Medical device giant St. Jude Medical (NYSE:STJ) resurrected data from its failed RESPECT study, touting additional analyses and benefits of its Amplatzer patent foramen ovale closure device.
St. Jude took a hit last year when the RESPECT trial failed to meet its clinical endpoints, but the company wasn’t about to stop there.
The trial concluded that the Amplatzer heart implant failed to significantly reduce cryptogenic stroke compared with standard treatment with drugs, sending STJ shares sinking on Wall Street and putting fellow PFO closure devices makers on the defensive.
At this year’s International Stroke Conference 2013 in Honolulu St.
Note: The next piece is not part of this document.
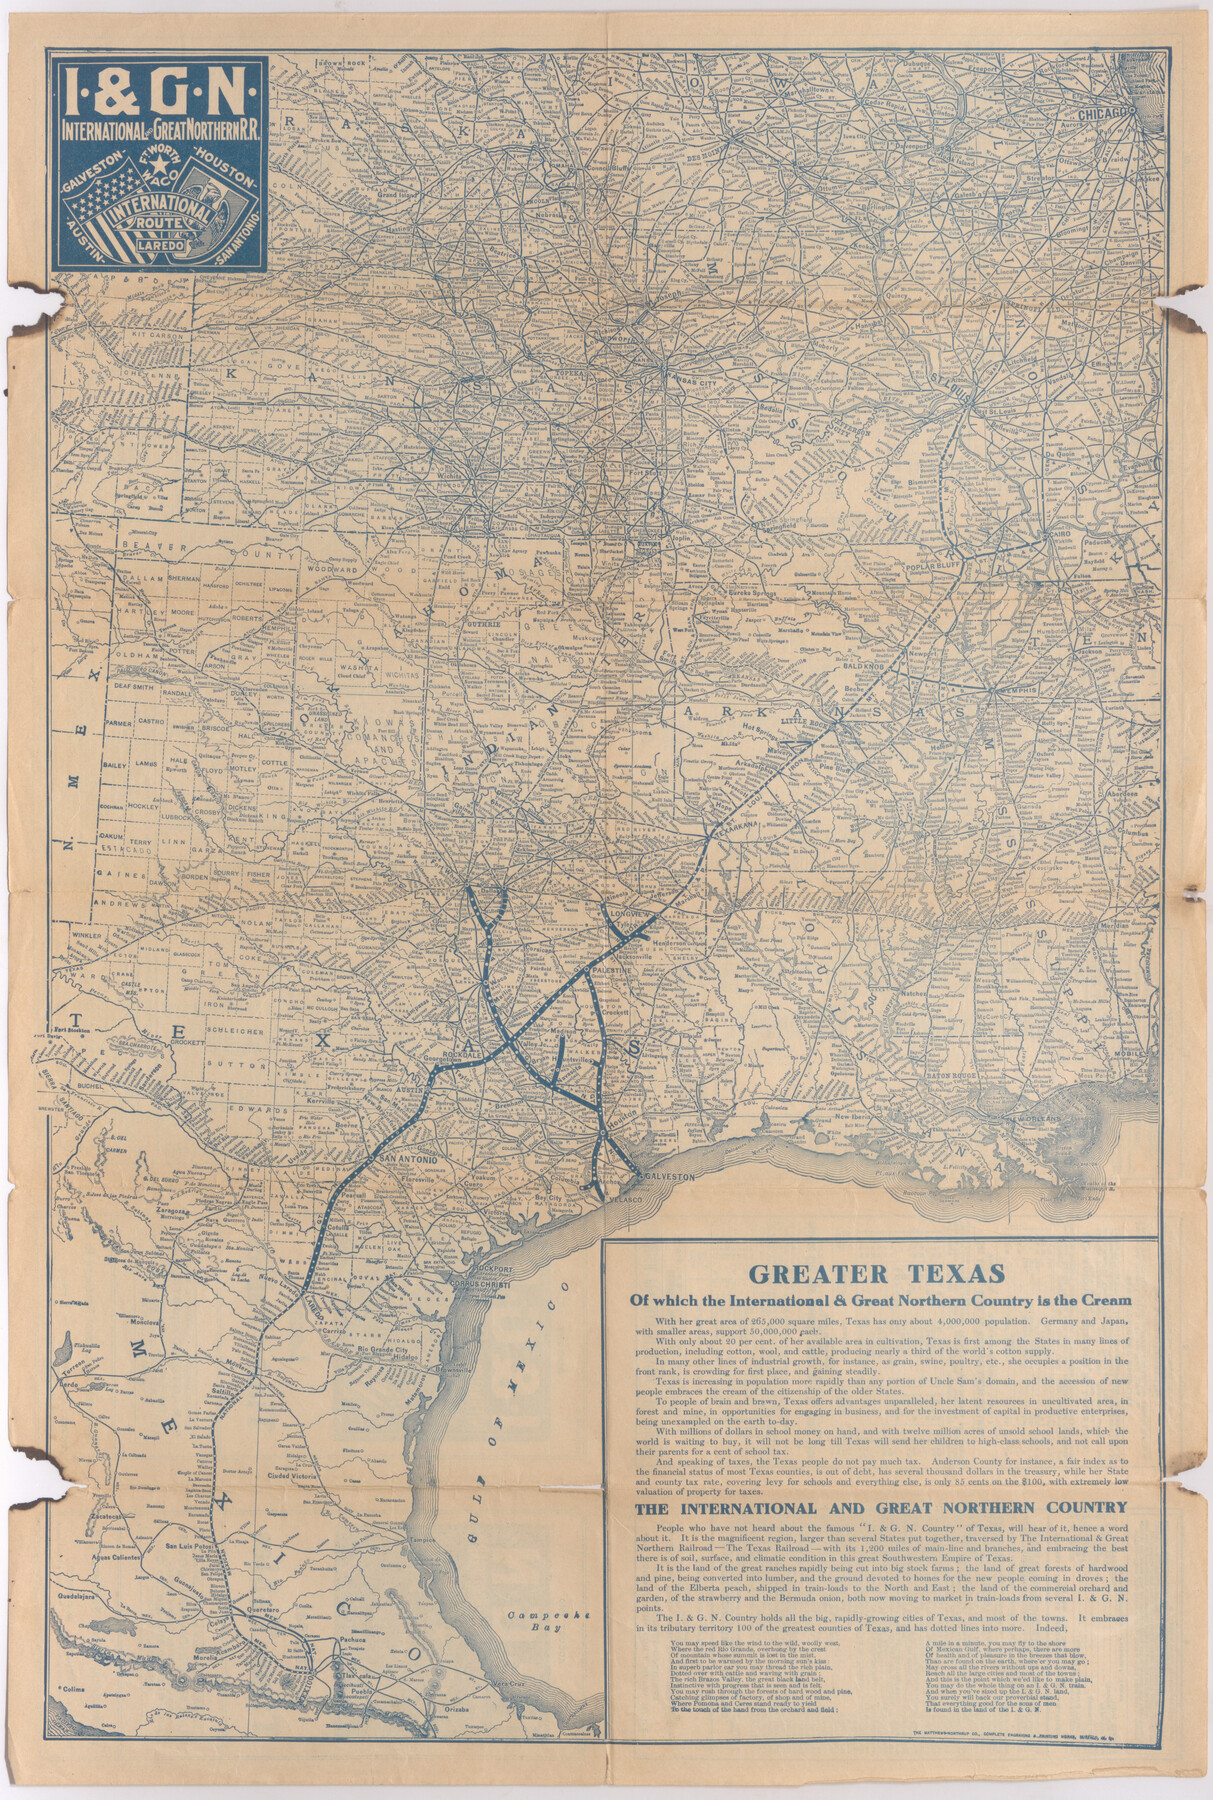 95779, I. & G. N. - International and Great Northern R.R. - International Route - Galveston, Ft. Worth, Waco, Houston, Austin, Laredo, San Antonio, Cobb Digital Map Collection - 1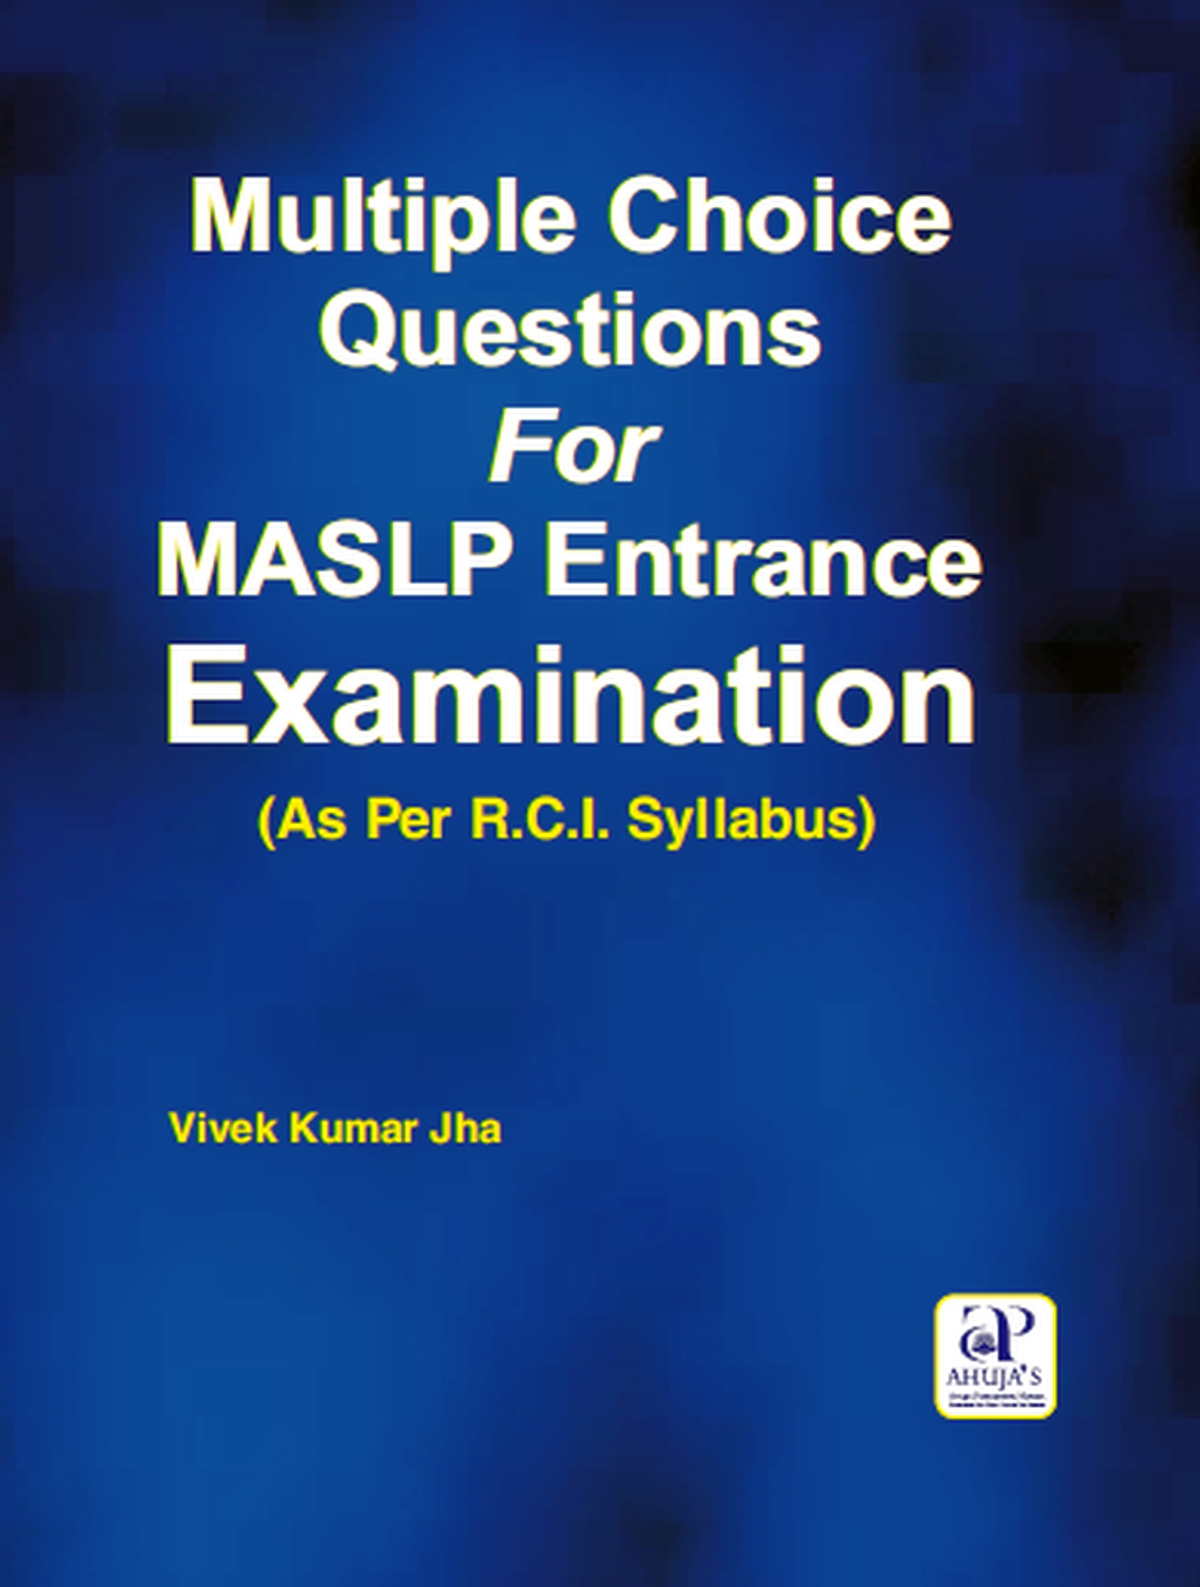 MULTIPLE CHOICE QUESTIONS FOR MASLP ENTRANCE EXAMINATION- ISBN: 9789380316857

Jude revisited the RESPECT trial, touting new findings that patients with the Amplatzer device had fewer and smaller strokes than patients who received drug therapy alone.
The results demonstrate that PFO closure may still be the right treatment for the right patients.
“The overall trial demonstrates that PFO closure with the Amplatzer PFO Occluder for these relatively young, otherwise healthy patients substantially reduces their risks of suffering another stroke,” St. Jude cardiovascular & ablation technologies president Frank Callaghan said in prepared remarks.
The Amplatzer device was designed to treat a condition called patent foramen ovale, in which a naturally-occurring hole in the heart fails to close after birth, potentially allowing blood clots to travel from 1 side of the heart to the other and then to the brain, causing a stroke.
St. Jude compared its Amplatzer against drug therapy in patients with recurrent cryptogenic stroke and PFO, reporting a non-statistically significant reduction of 50.8% in its primary endpoint when compared with drug therapy alone.